BEGIN Information shown
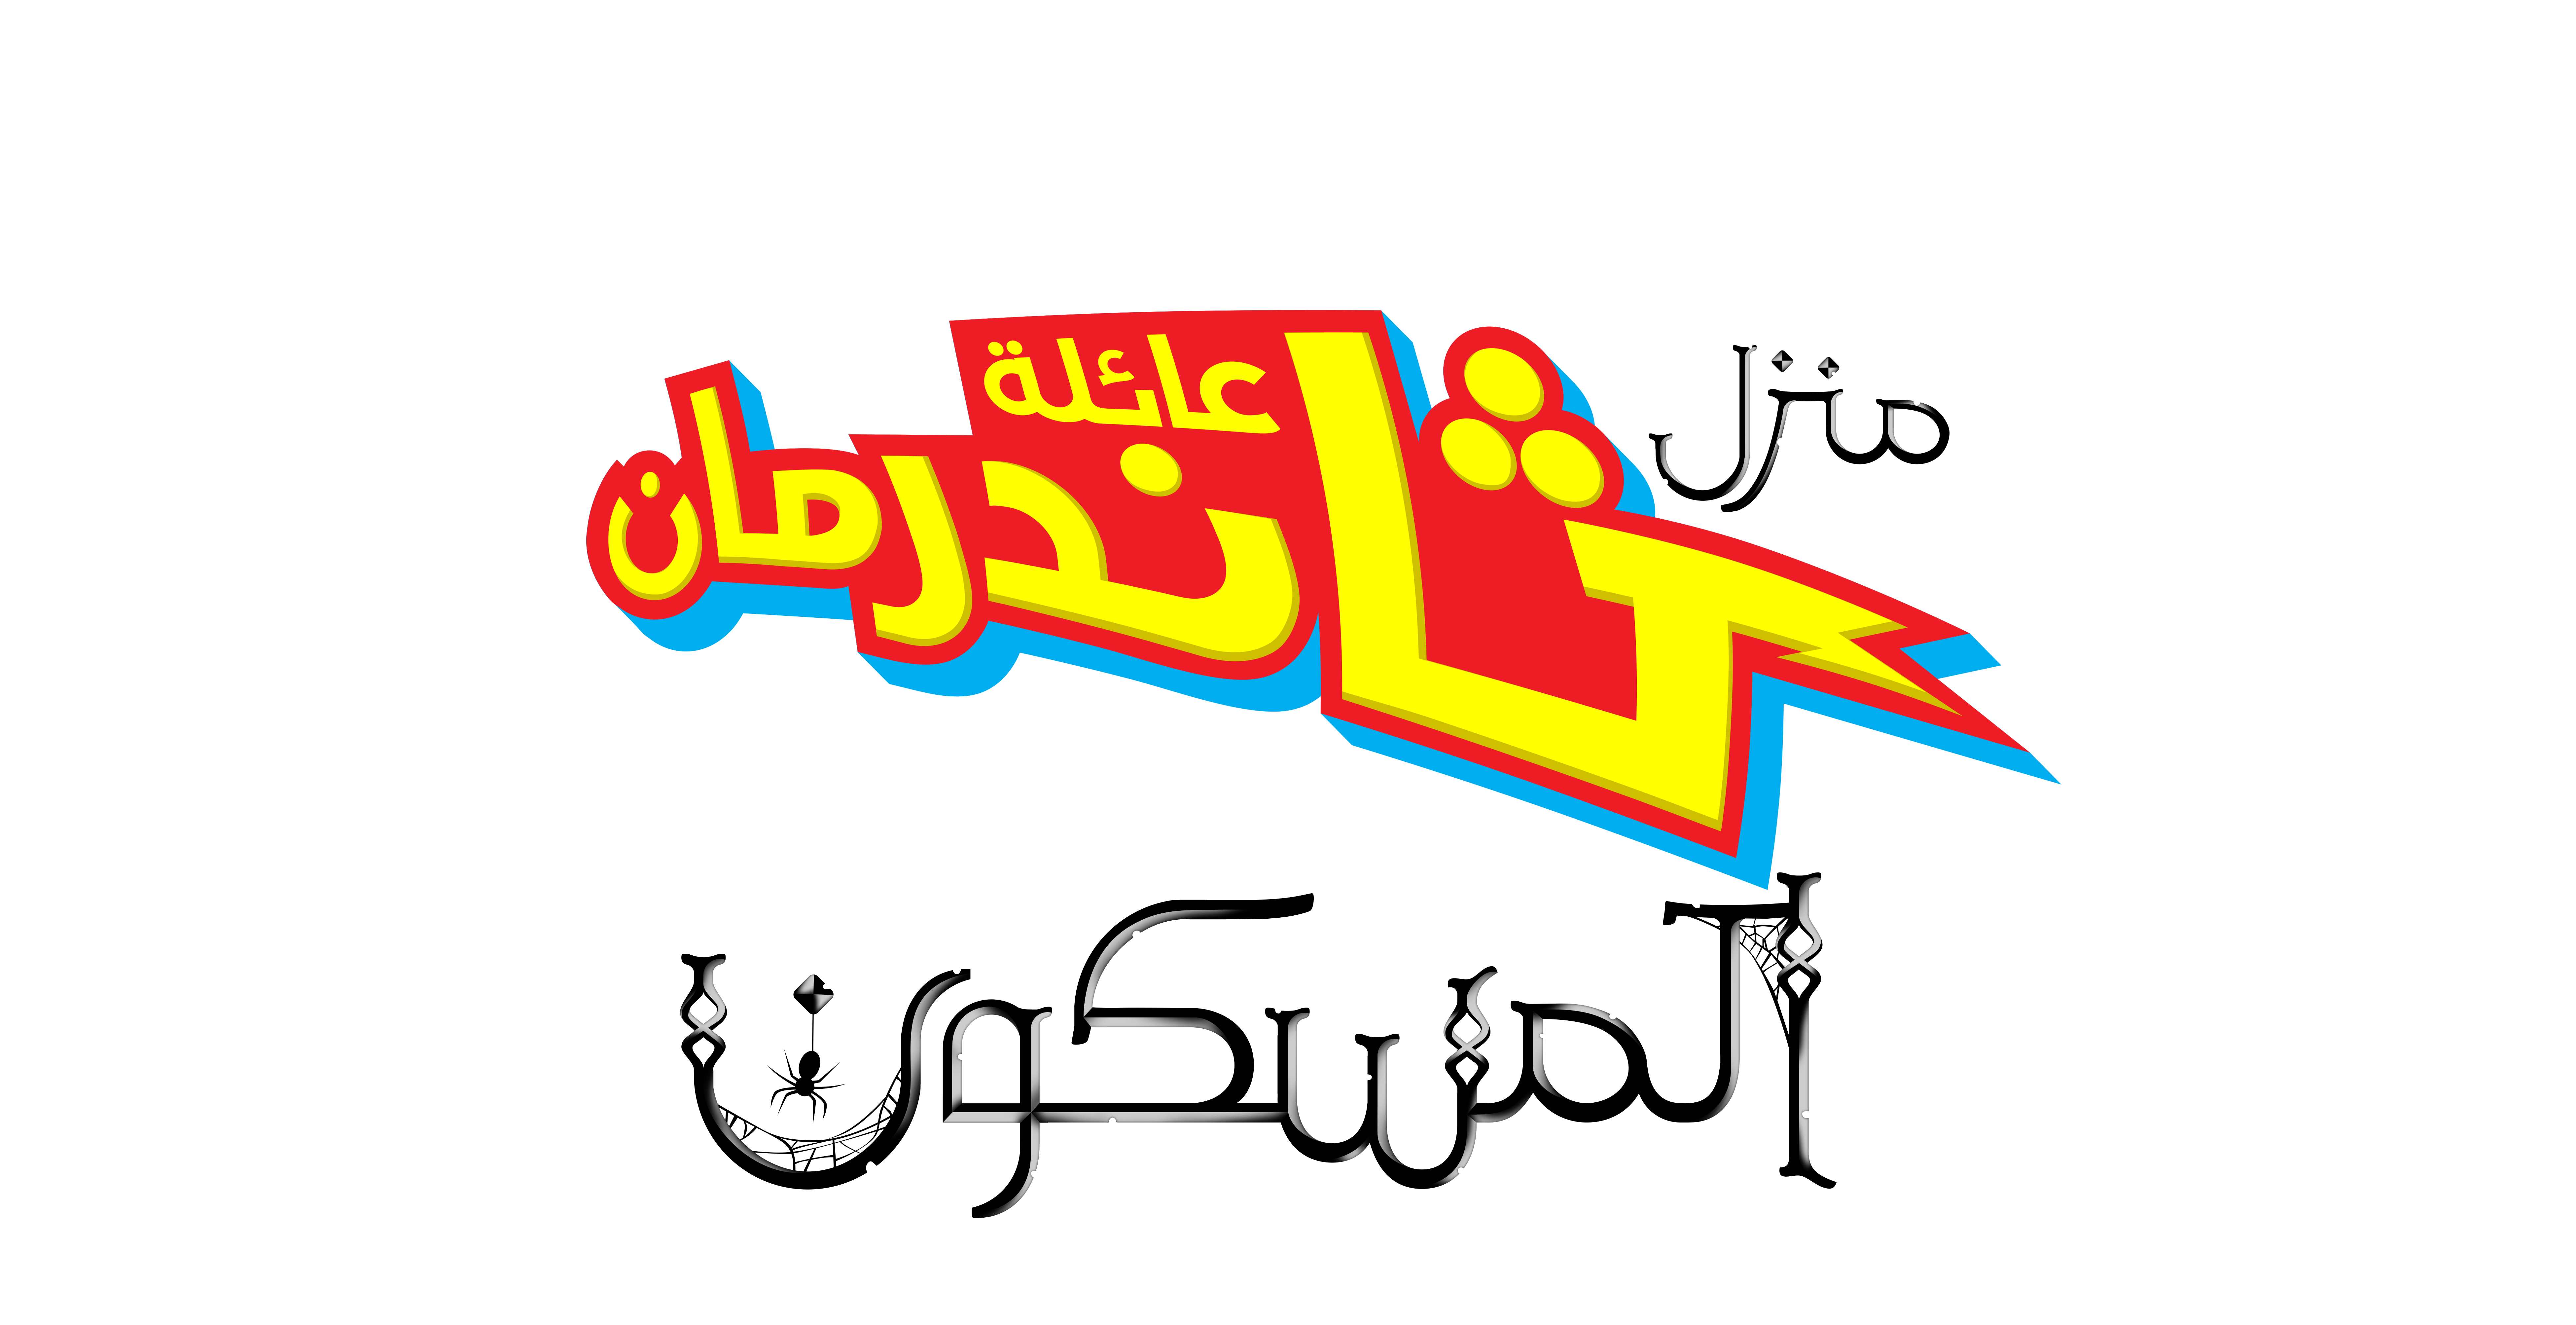 نكلوديون العربية Nickelodeon arabia logos Nickelodeon Photo (39010060
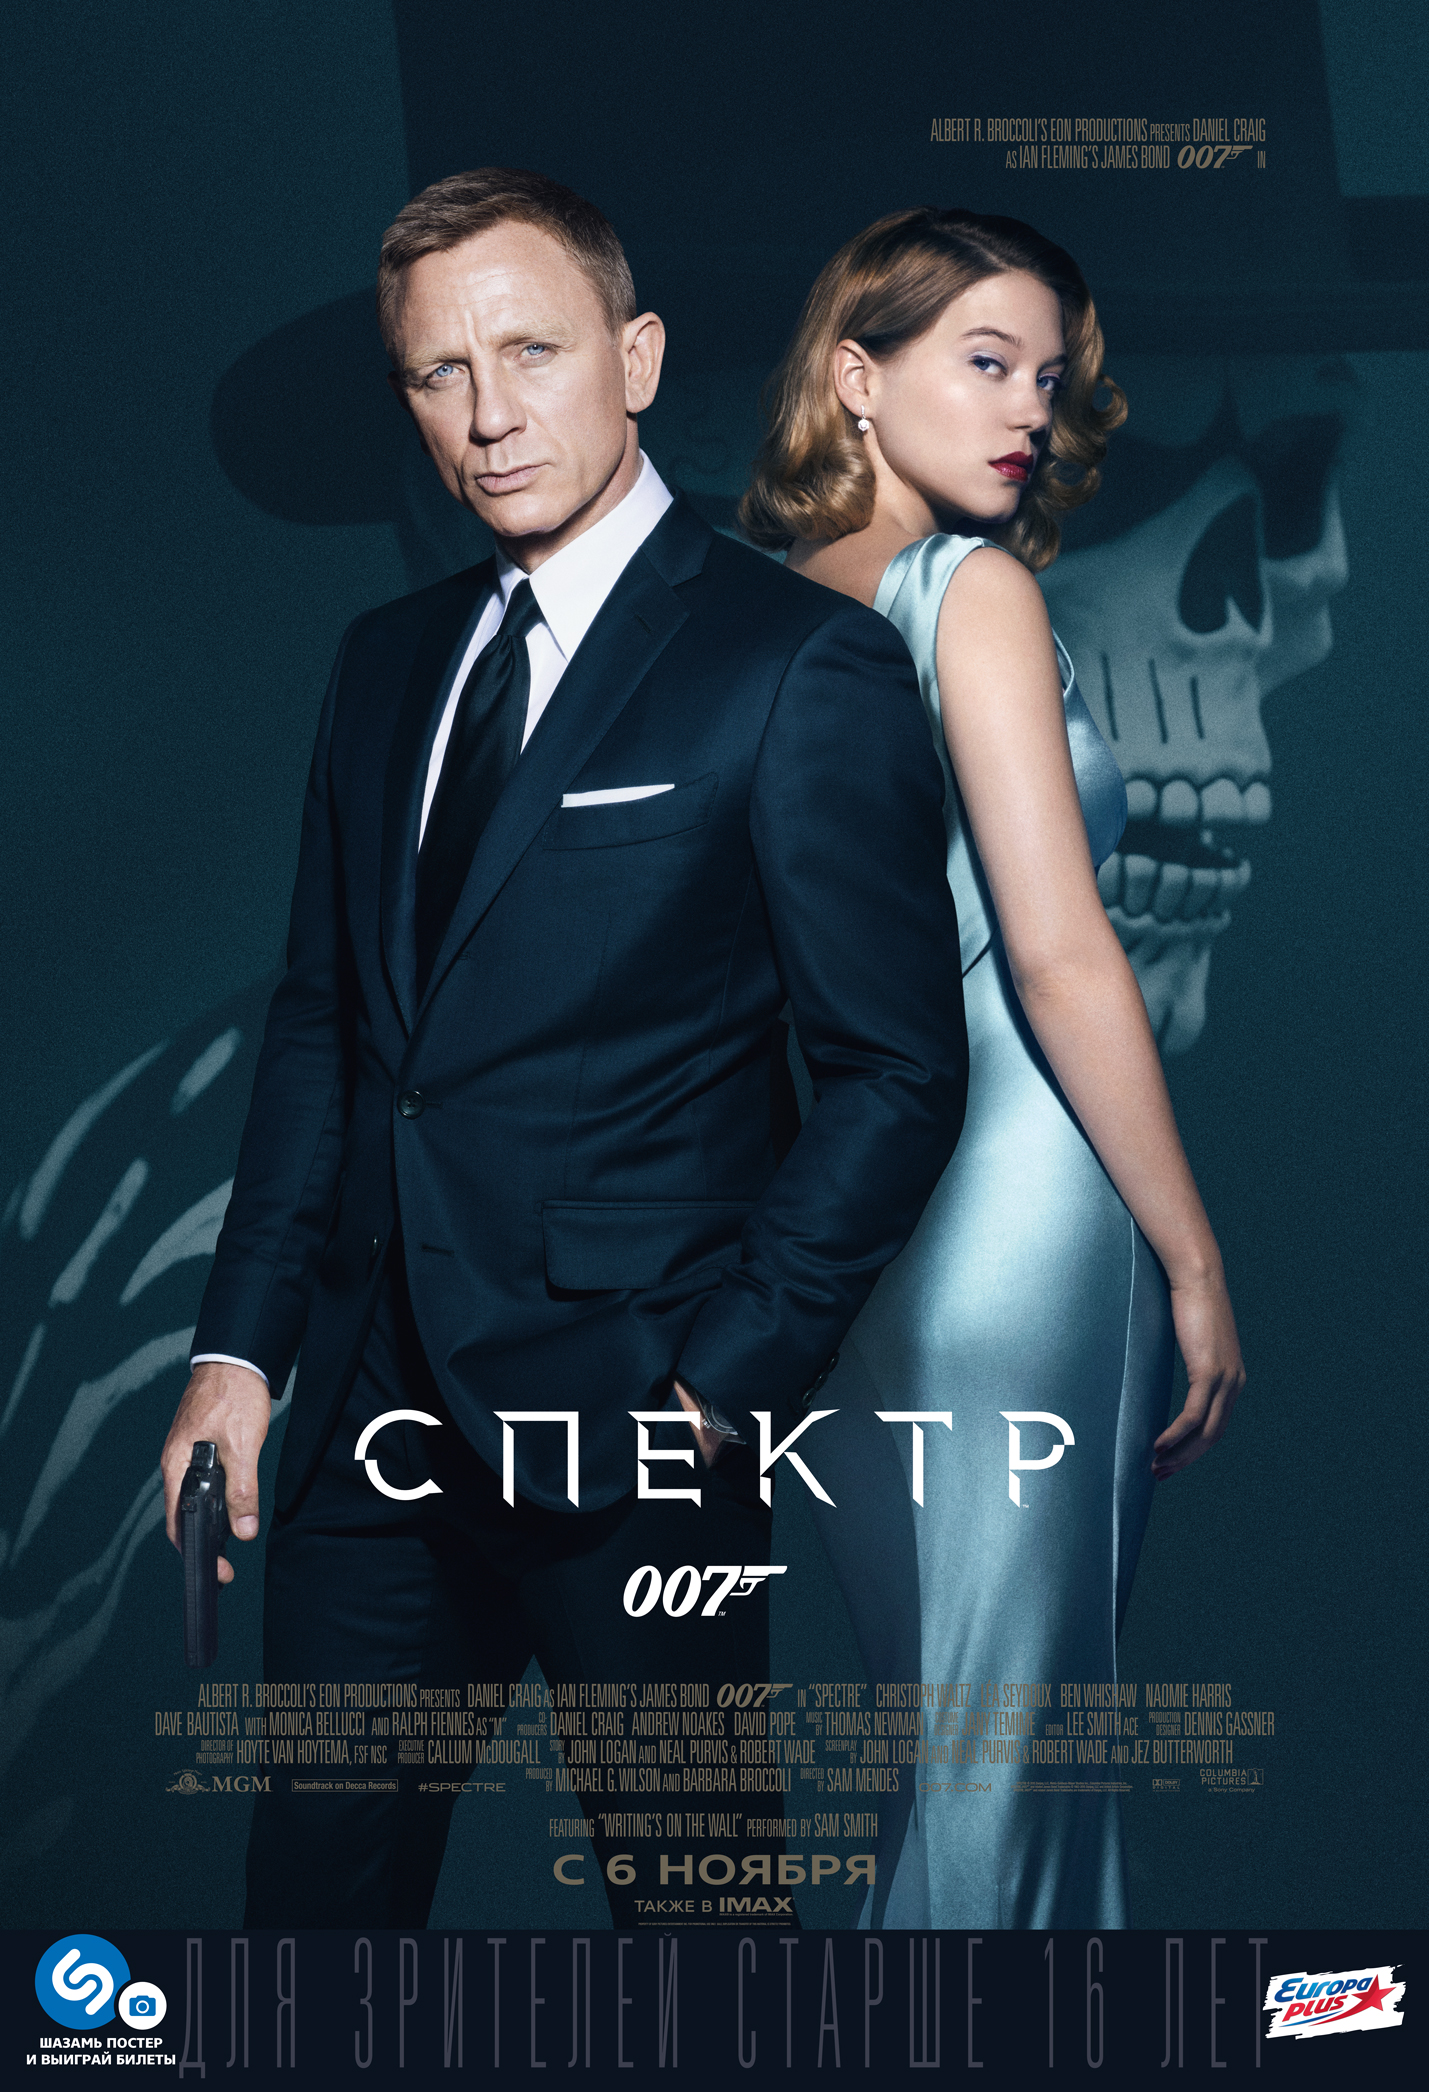 《 007:幽灵党  spectre 》电影海报 (共 15 张)
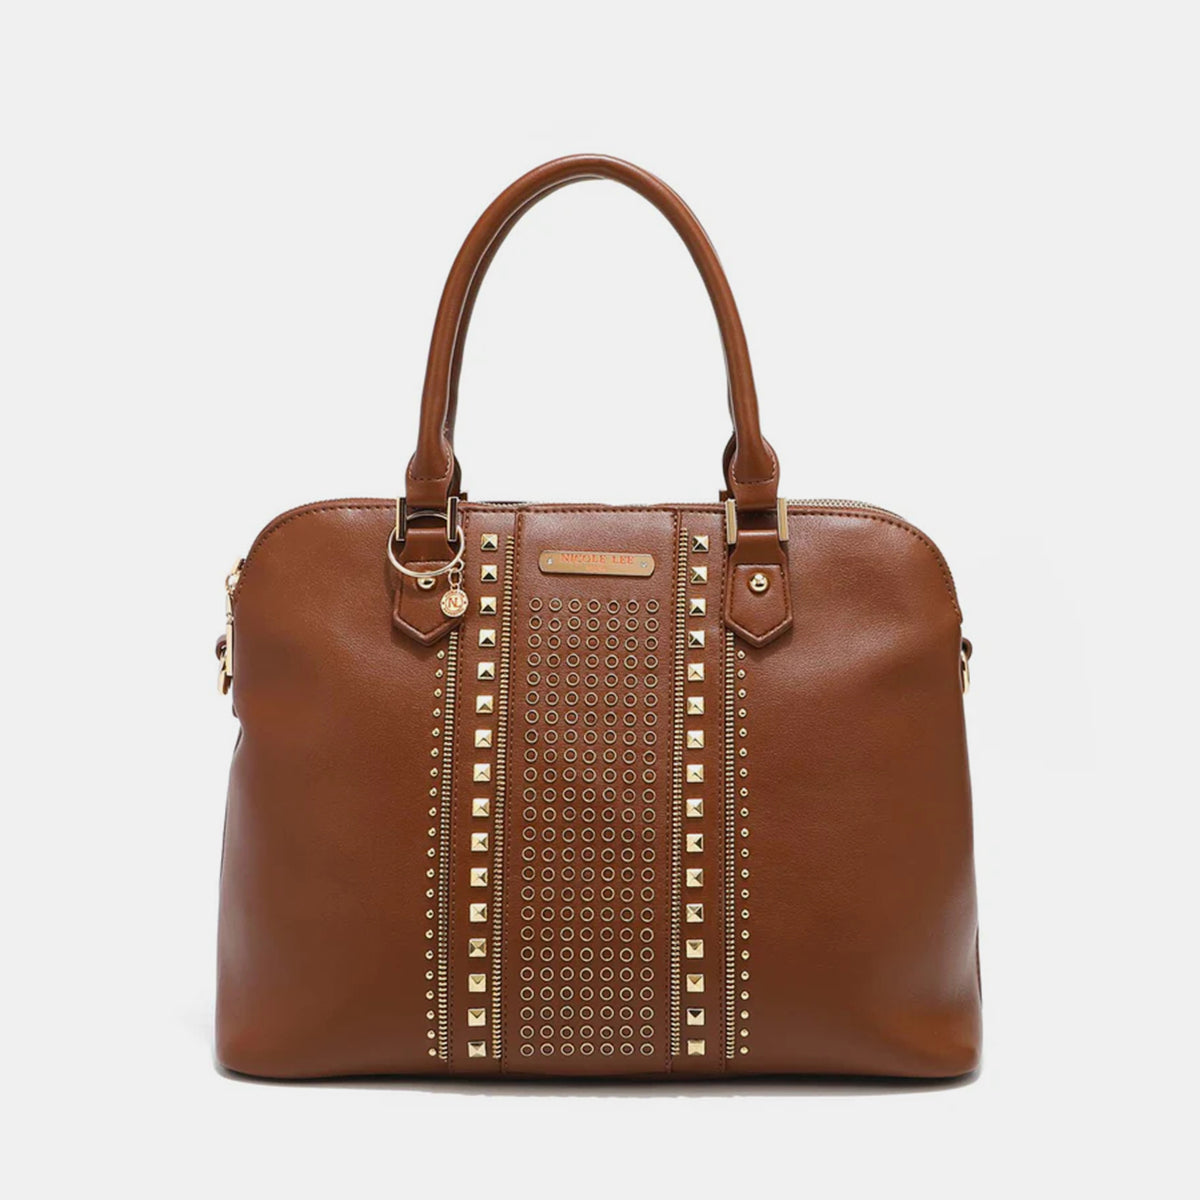 Nicole Lee USA Studded Decor Handbag Brown One Size
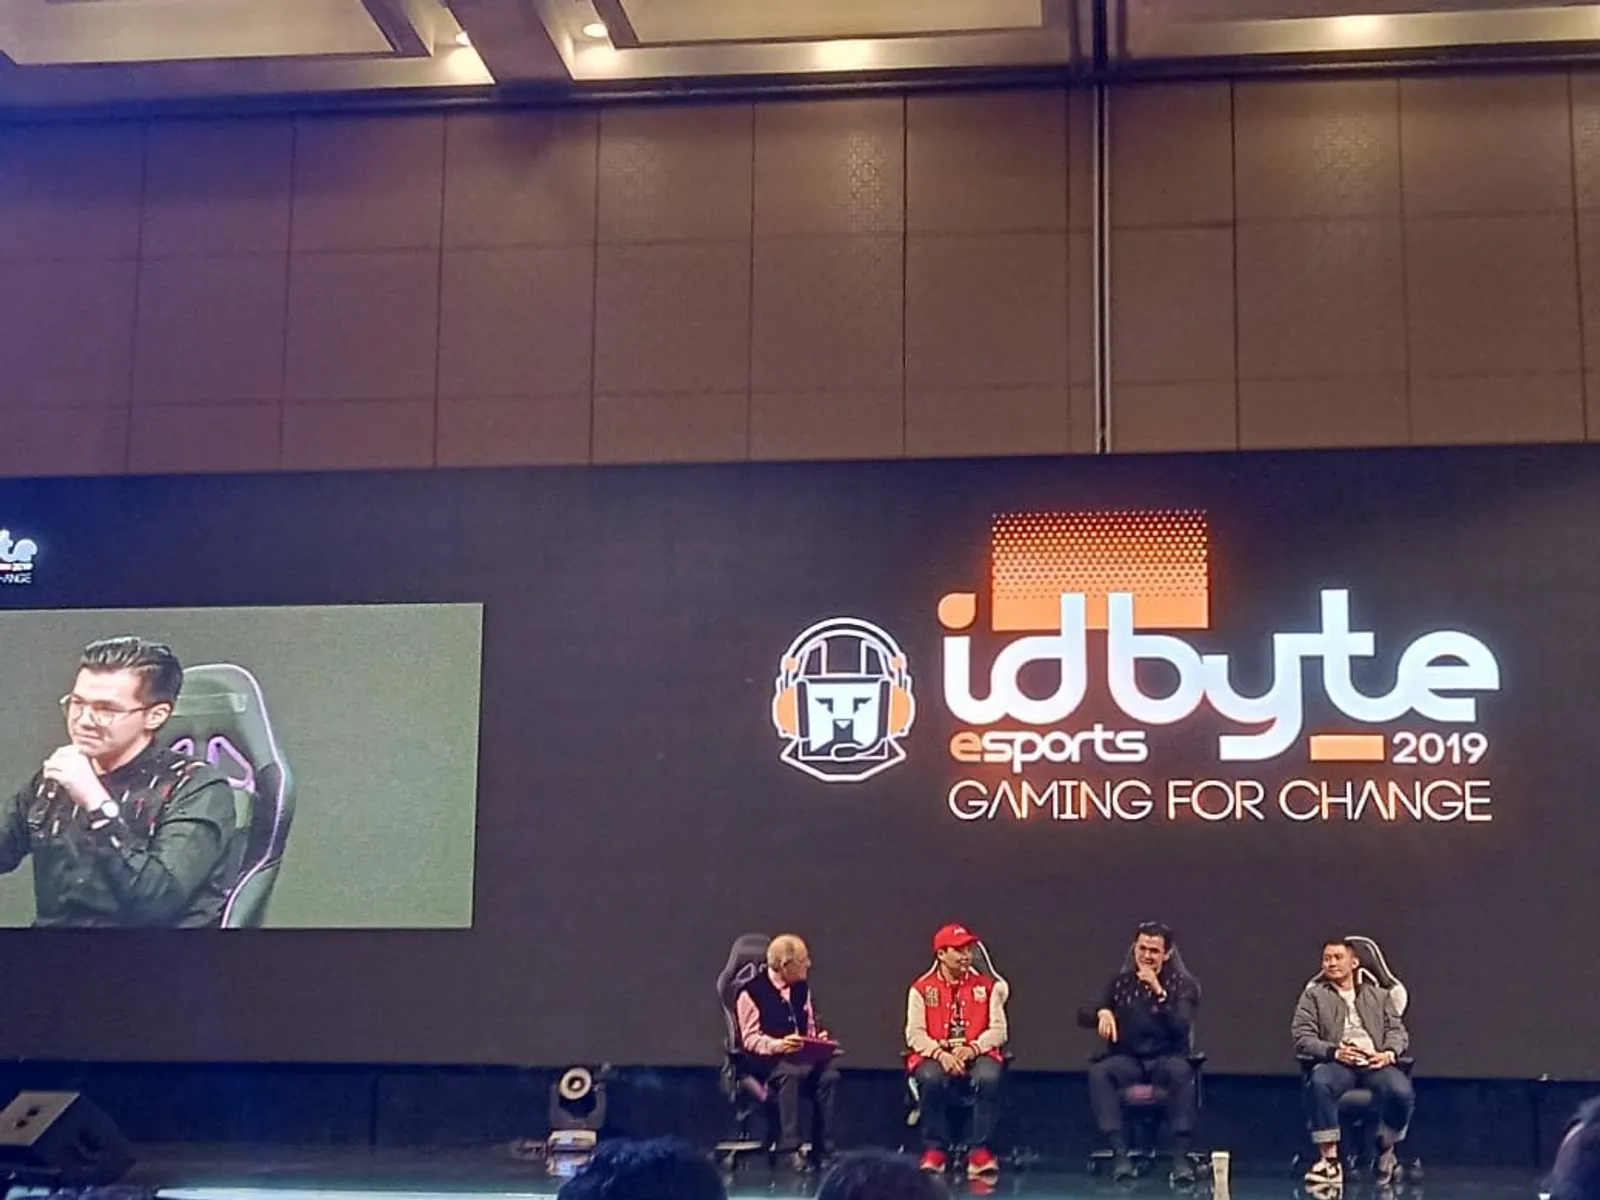 Dari Turnament Sampai Casting, Intip Keseruan "IDBTYE Esports" 2019
END Information shown
Retype the listing above exactly. Pictures are not part of the copy.

Finished task:
 نكلوديون العربية Nickelodeon arabia logos Nickelodeon Photo (39010060
 《 007:幽灵党  spectre 》电影海报 (共 15 张)
 Nicole Lee USA Studded Decor Handbag Brown One Size
 Dari Turnament Sampai Casting, Intip Keseruan "IDBTYE Esports" 2019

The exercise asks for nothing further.